## INPUT
--- START ---

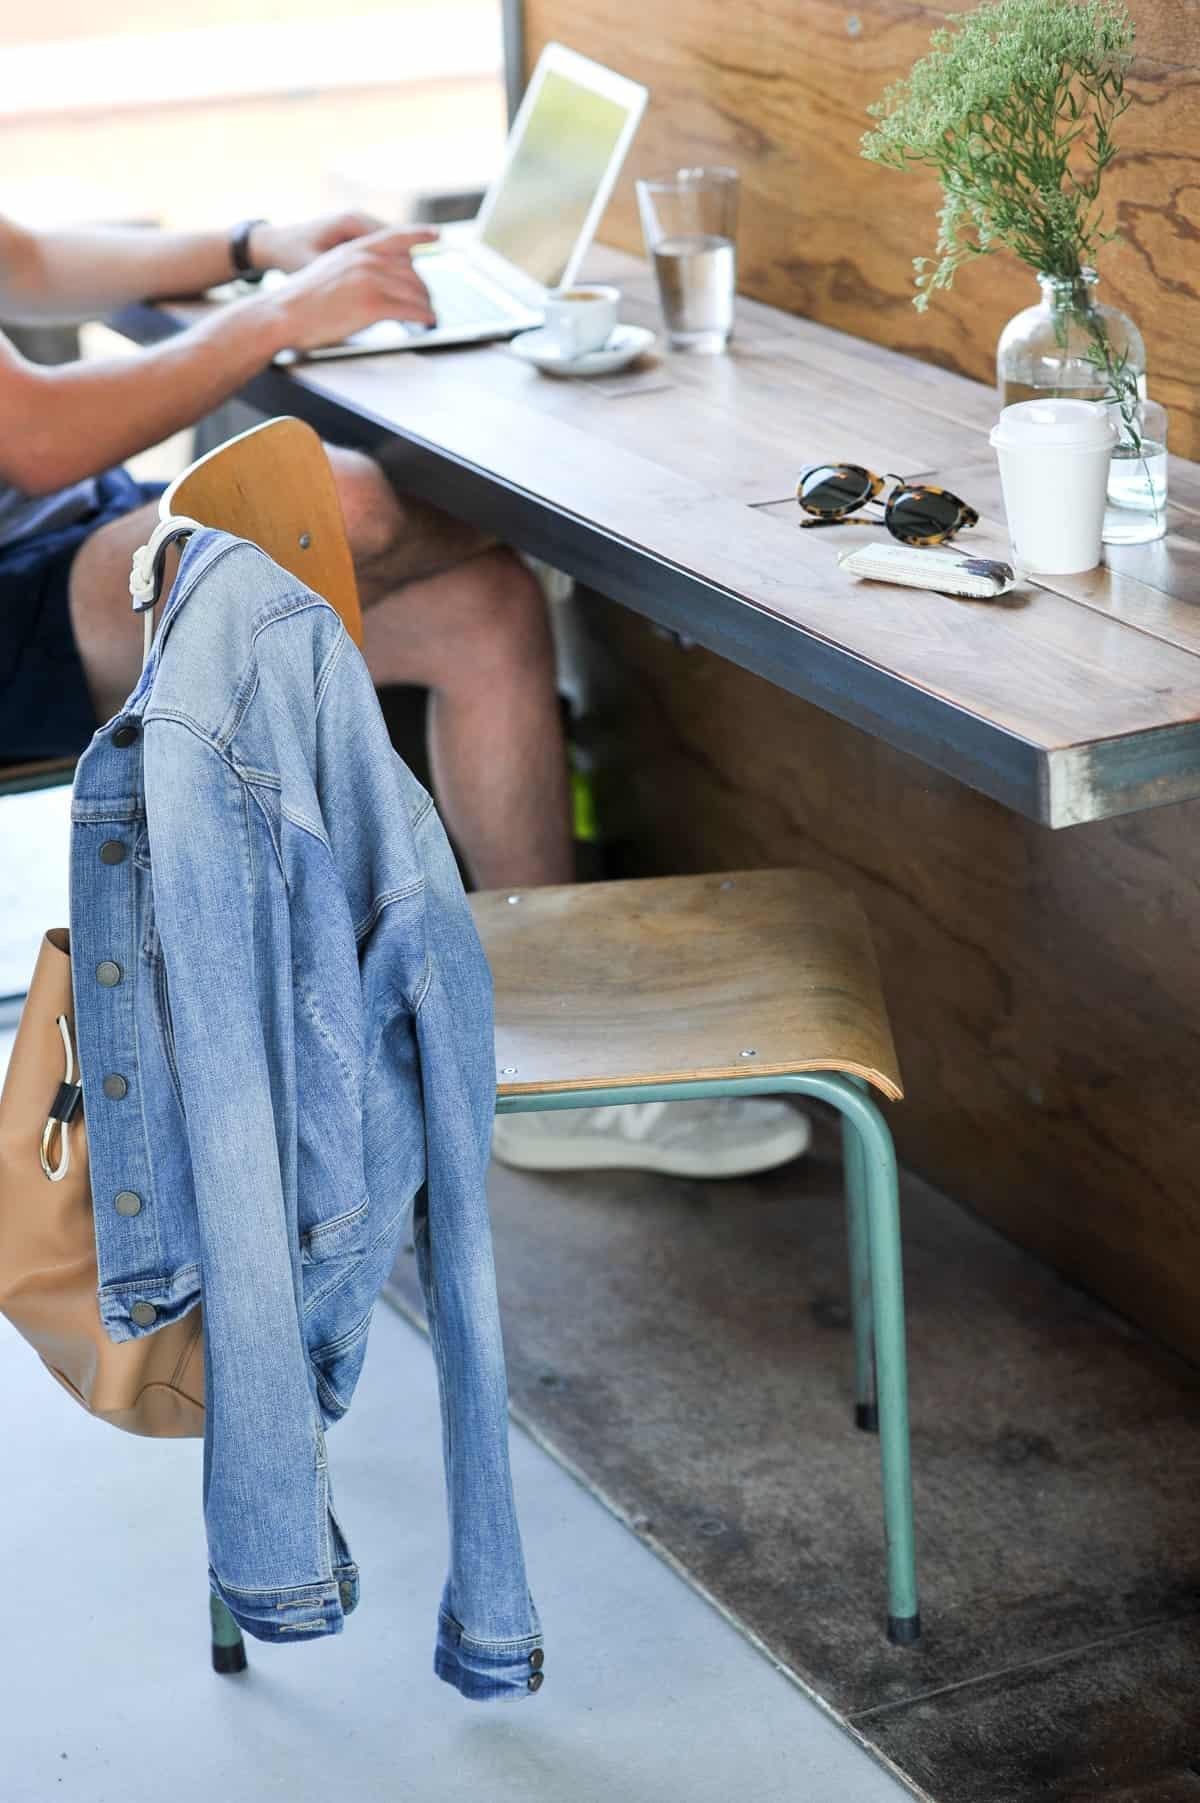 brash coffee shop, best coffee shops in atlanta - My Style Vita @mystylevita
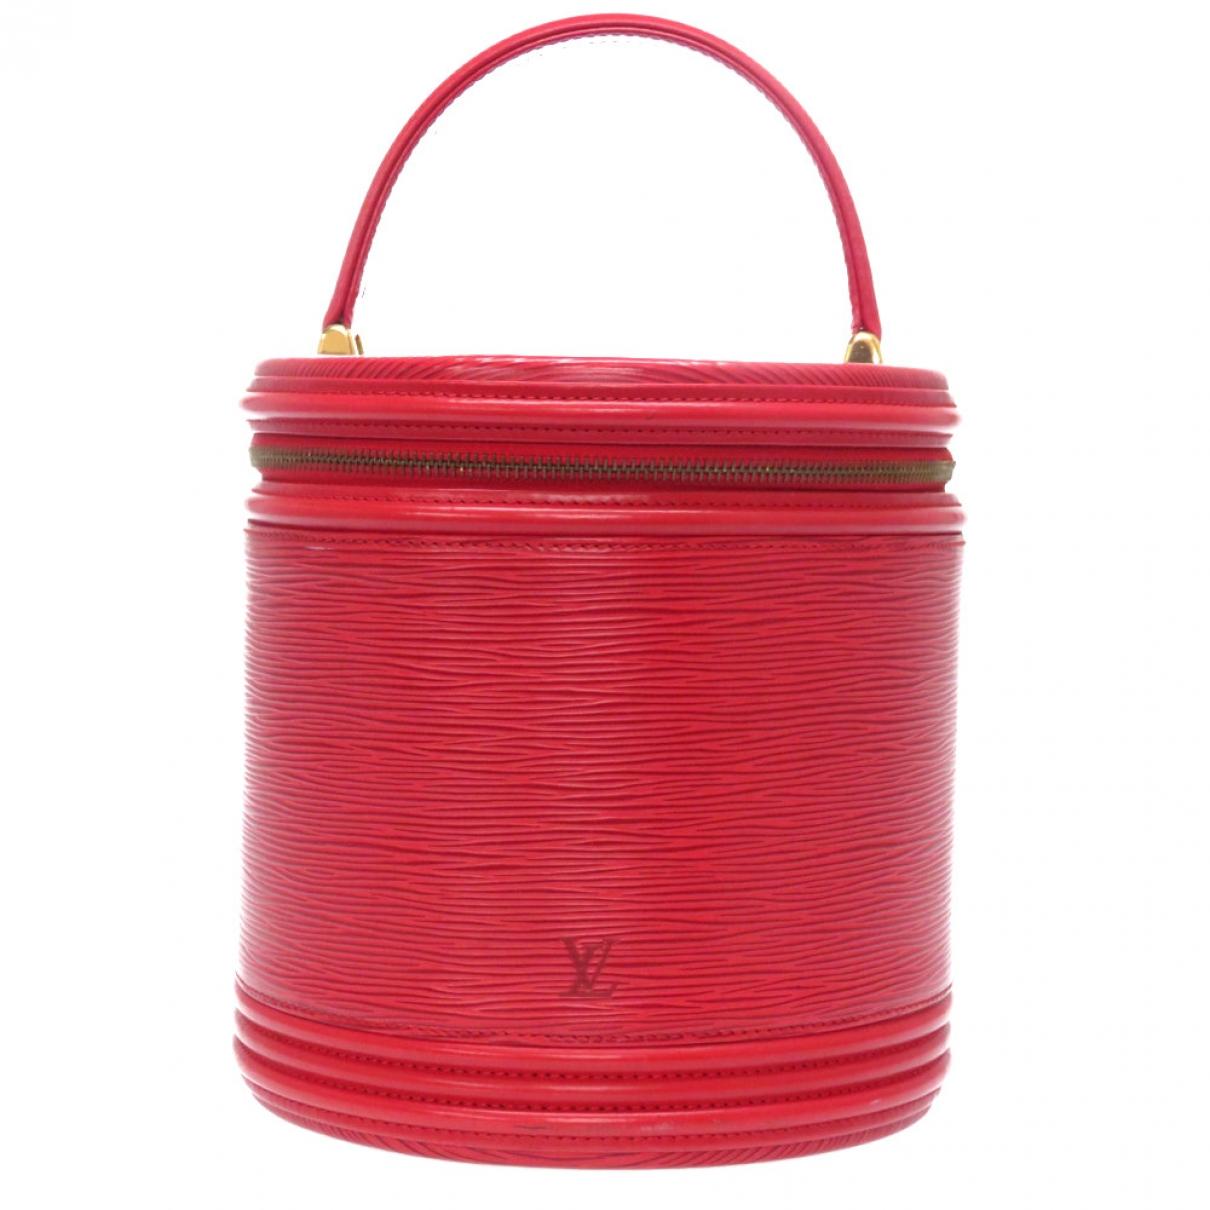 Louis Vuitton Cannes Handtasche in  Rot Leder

--- END ---
--- START ---

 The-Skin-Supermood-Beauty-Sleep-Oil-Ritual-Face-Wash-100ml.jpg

--- END ---
--- START ---

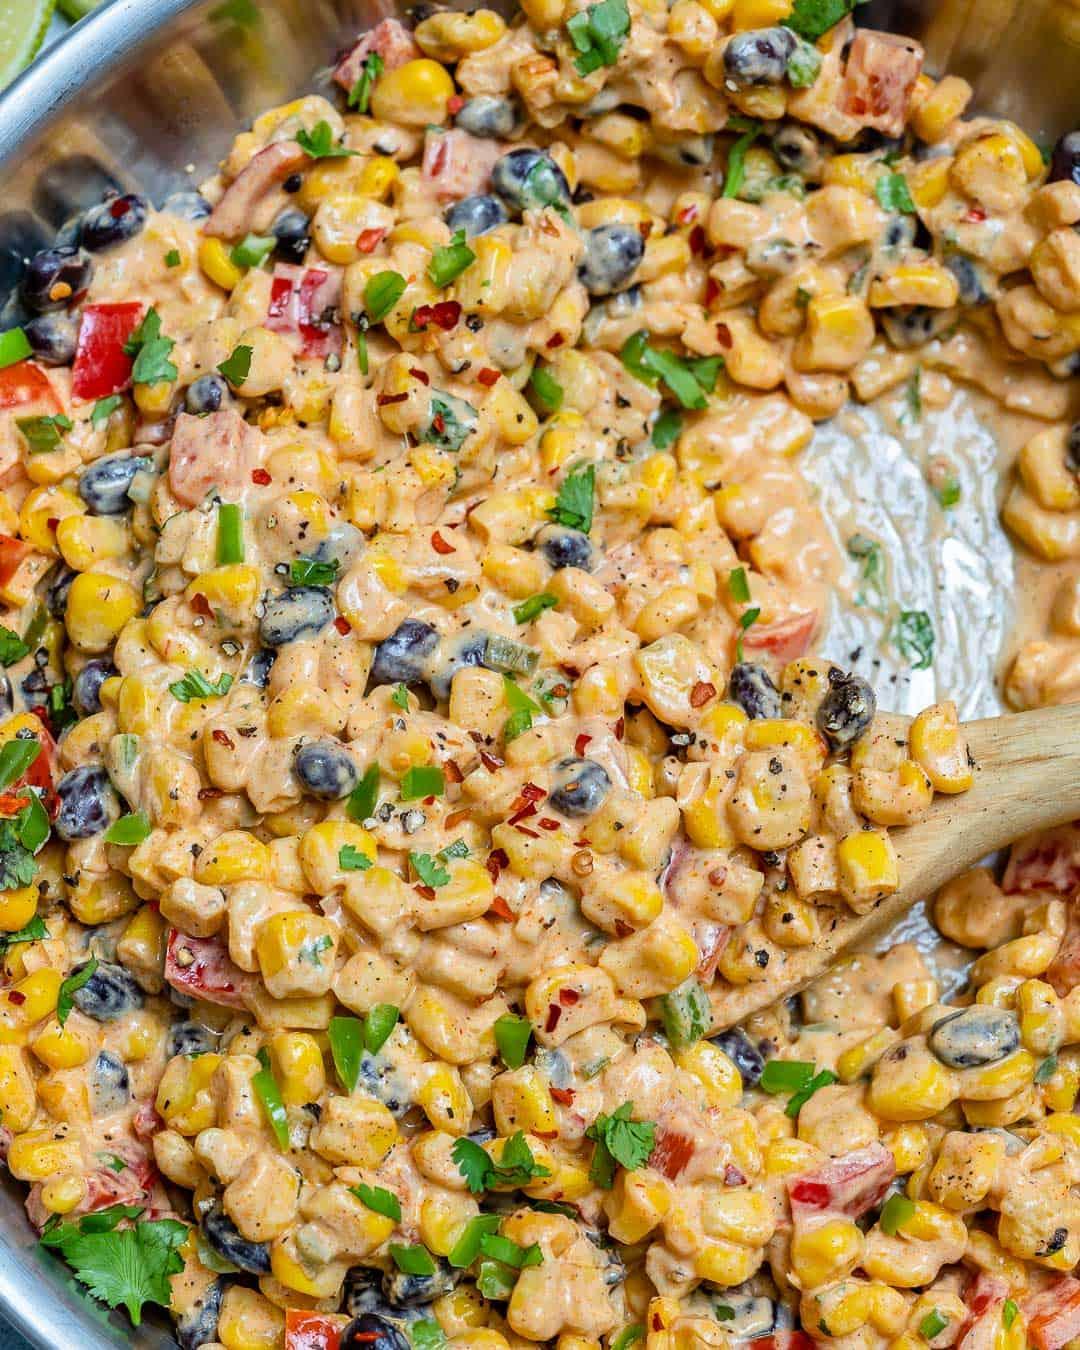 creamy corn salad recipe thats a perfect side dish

--- END ---

Copy exactly, without pictures, the lines above from the one with "brash coffee shop, best" down to the one with "Louis Vuitton Cannes", inclusive.

 brash coffee shop, best coffee shops in atlanta - My Style Vita @mystylevita
 Louis Vuitton Cannes Handtasche in  Rot Leder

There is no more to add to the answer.